G2156 Medieval and Post-medieval scheduling enhancement: Mill sites in Meirionnydd

Summary report April 2012 – March 2013

Pandy Trawsfynydd from the south

This project aimed to identify the medieval and post-medieval sites of mills in Meirionnydd, to assess their condition and, where appropriate, to recommend sites for Scheduling. Water mills used for corn milling and fulling were common from medieval times. The former are clearly listed in medieval extents, and the sites can in many cases be identified through surviving place name evidence. The project has identified 440 mill or potential mill sites, through archive, cartographic, and also documentary research. All the sites were examined on the Ordnance Survey 1st, 2nd and 3rd edition maps dating between 1888 and 1920, recent aerial photographs and the 2011 Ordnance Survey Mastermap Digital Map in order to establish the current condition of the sites and to determine which may be suitable for scheduling, based on the scheduling criteria provided by Rick Turner of Cadw, and similar to that used for the Caernarfonshire mills project of 2011-2012. In addition to the Ordnance Survey maps, the best sources for the identification of mill sites are the estate manuscripts housed in the national and local archive repositories, which include rentals, leases, and most importantly maps. Evidence from the latter includes mills still operational in the late 17th and 18th centuries, which may have earlier origins, and the sites of former mills retained in place-name evidence.

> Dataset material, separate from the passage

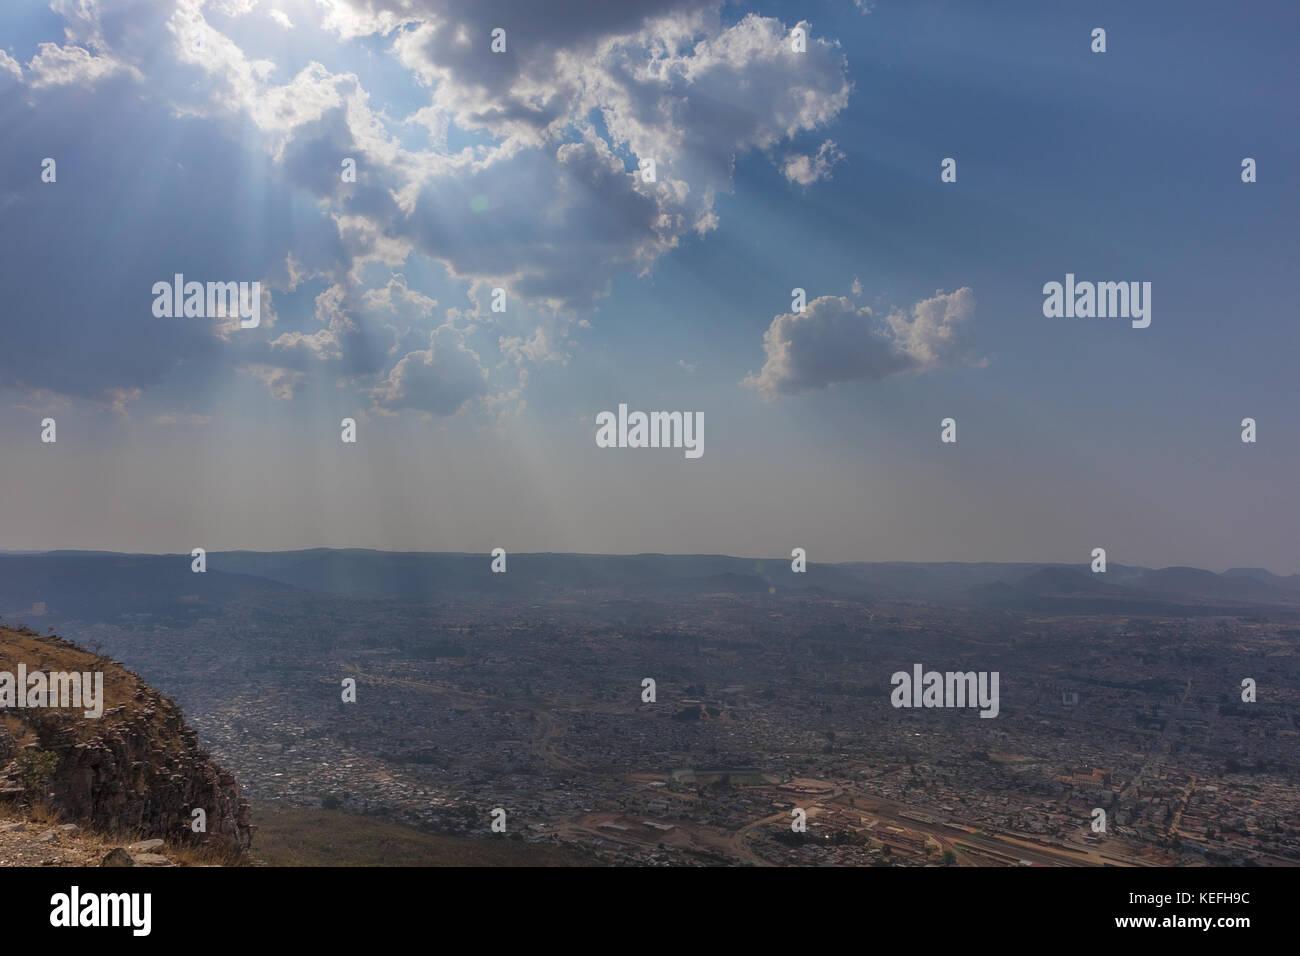 View to the city of Lubango. Angola. - Stock Image

Many of the mills identified in the report are of post-medieval date, and estate manuscript collections have been of particular use in identifying the origins of these as well as giving further evidence of mills of medieval origin. These sites vary in date from the medieval period through to the 19th century, and consist of a variety of site types and technologies. These are generally powered by water, with no evidence for windmills encountered.

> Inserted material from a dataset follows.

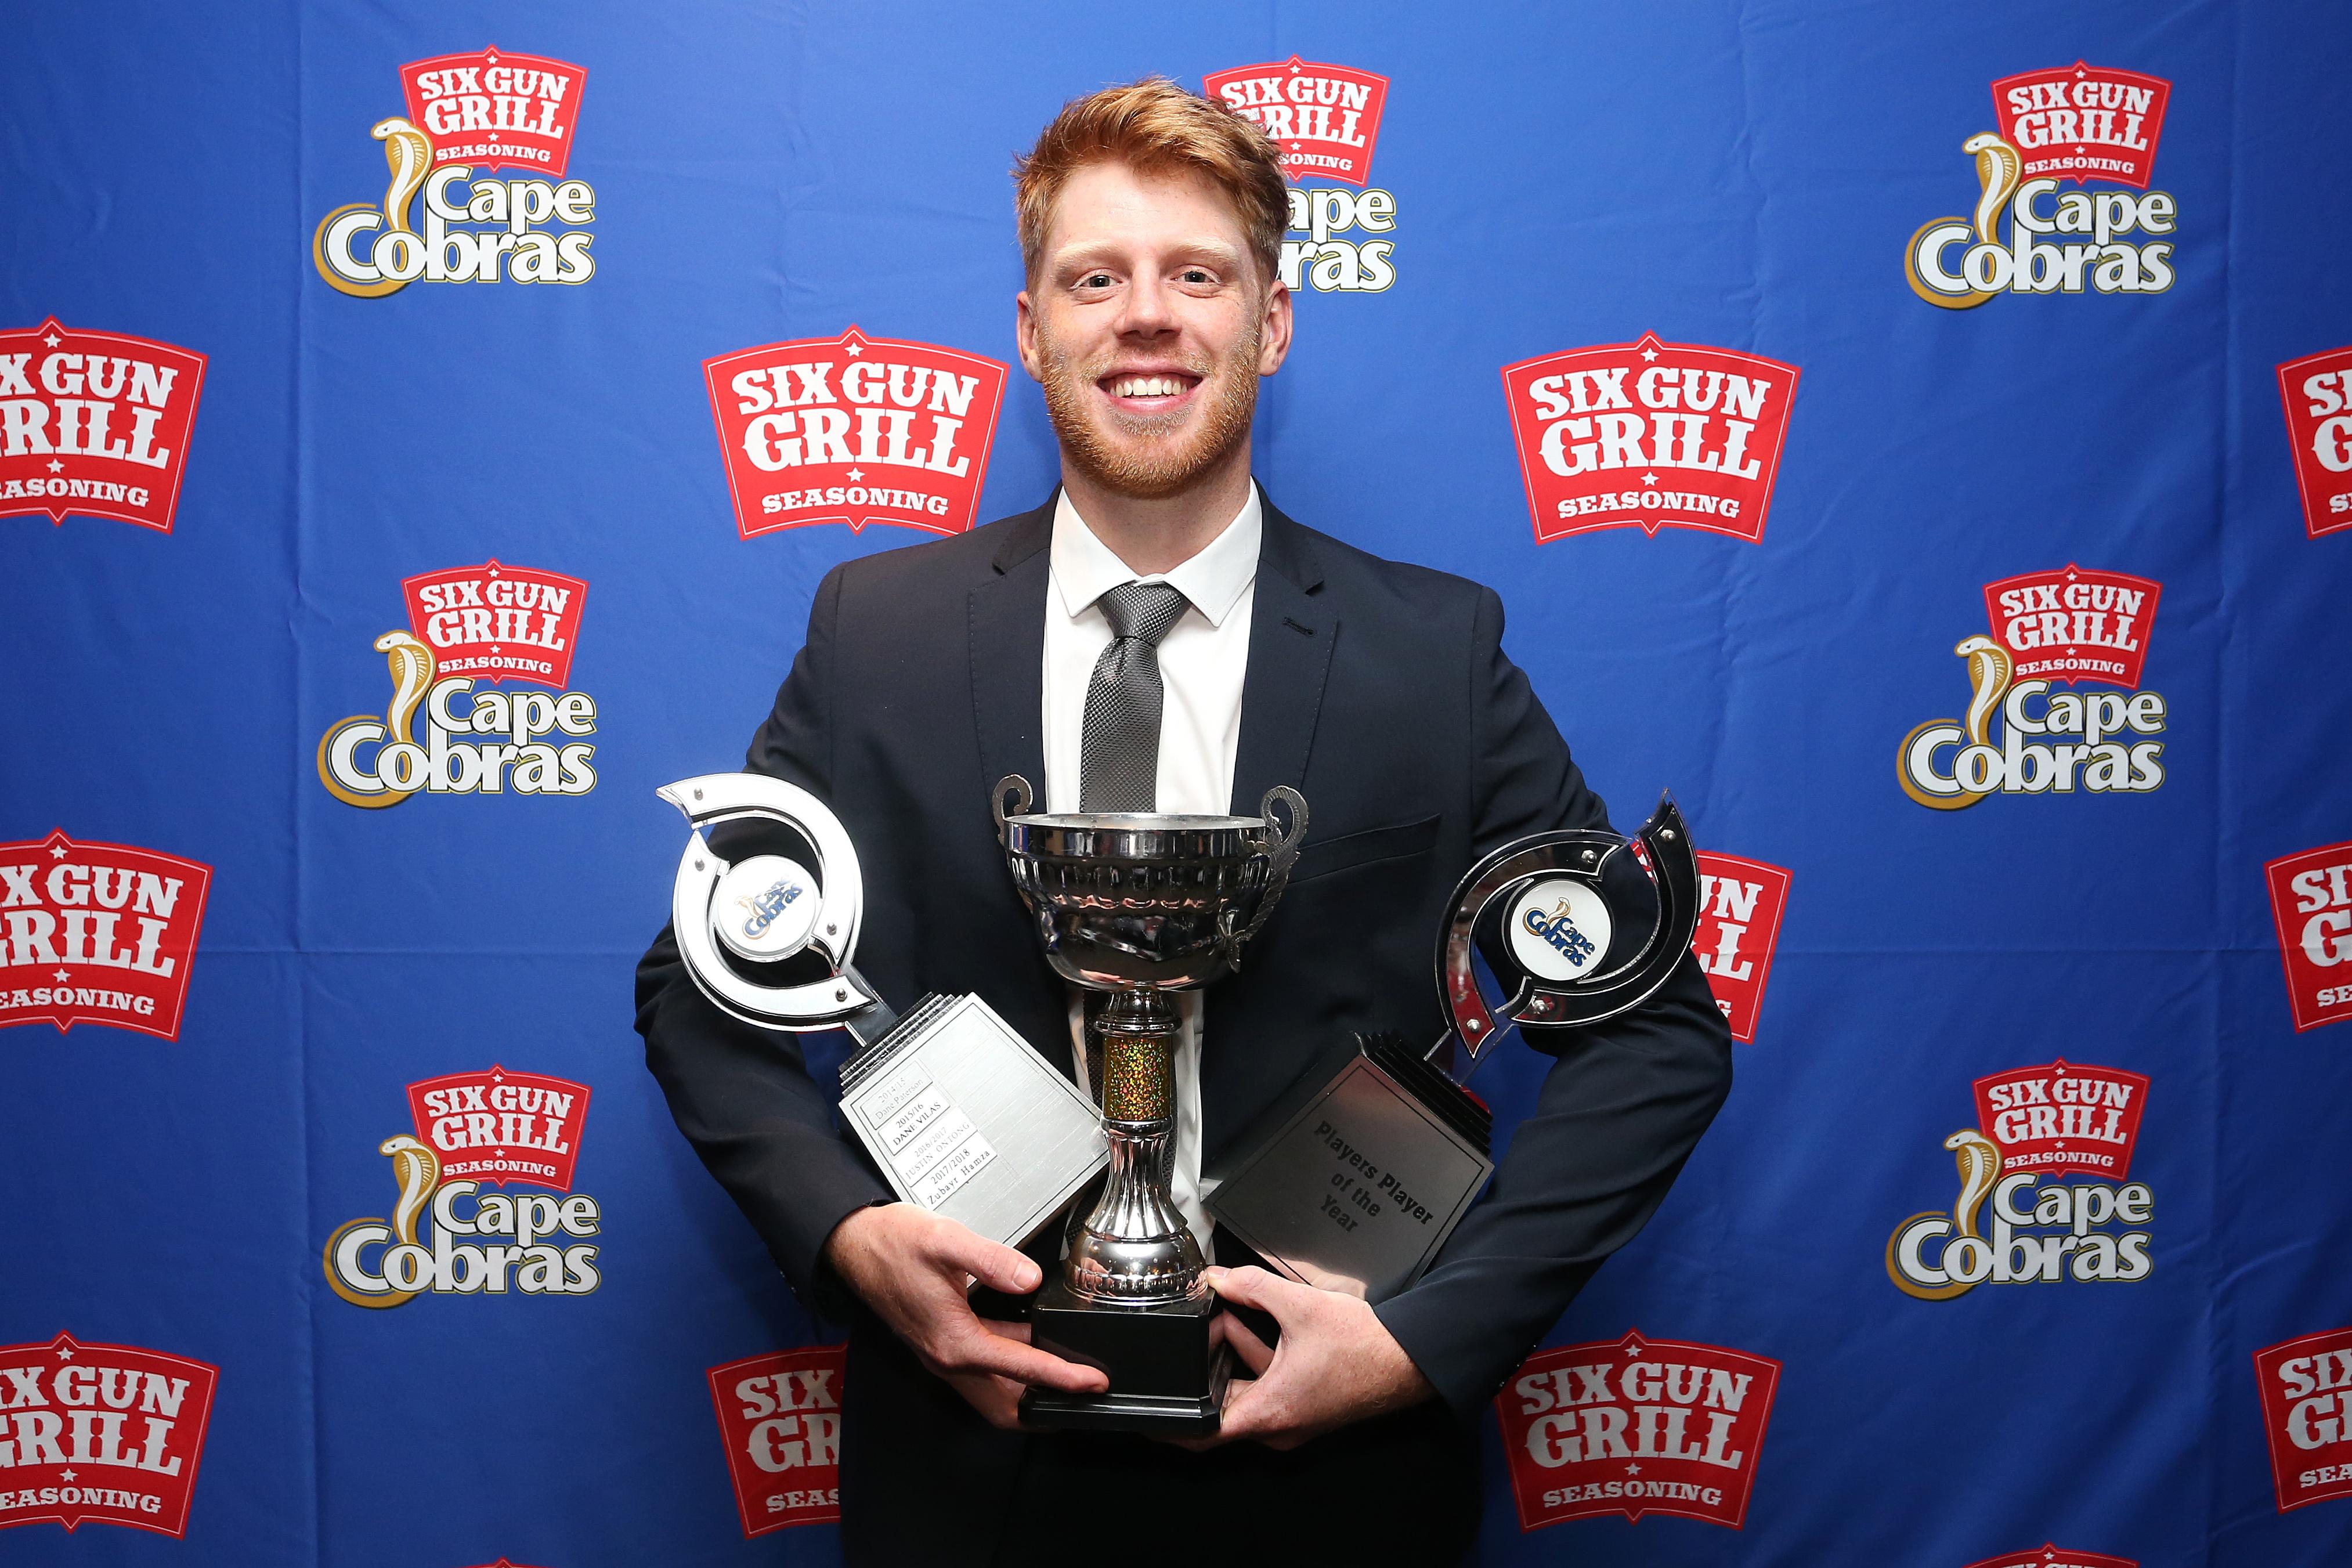 CSA: Verreynne the big winner at Six Gun Grill Cape Cobras End of Season Awards

Those sites considered to have potential for scheduling were visited between January and March 2012, consisting of 52 sites. The mills, associated buildings and water management systems were examined in the field. A photographic record of the mills was created and they were fully described on GAT recording forms designed for the purpose, based on the scheduling criteria. The information collected was entered onto a mills database, with each site given a unique identifying number (PRN), which contains the bulk of the information related to the study.

It is clear from the work carried out on this project that the quantity of data and potential for research on Meirionnydd mills is vast. There are undoubtedly more mills of interest, and perhaps of schedulable quality in Meirionnydd and these can only be assessed after further documentary research and field work. Twelve sites were identified that were considered to be of potential schedulable significance.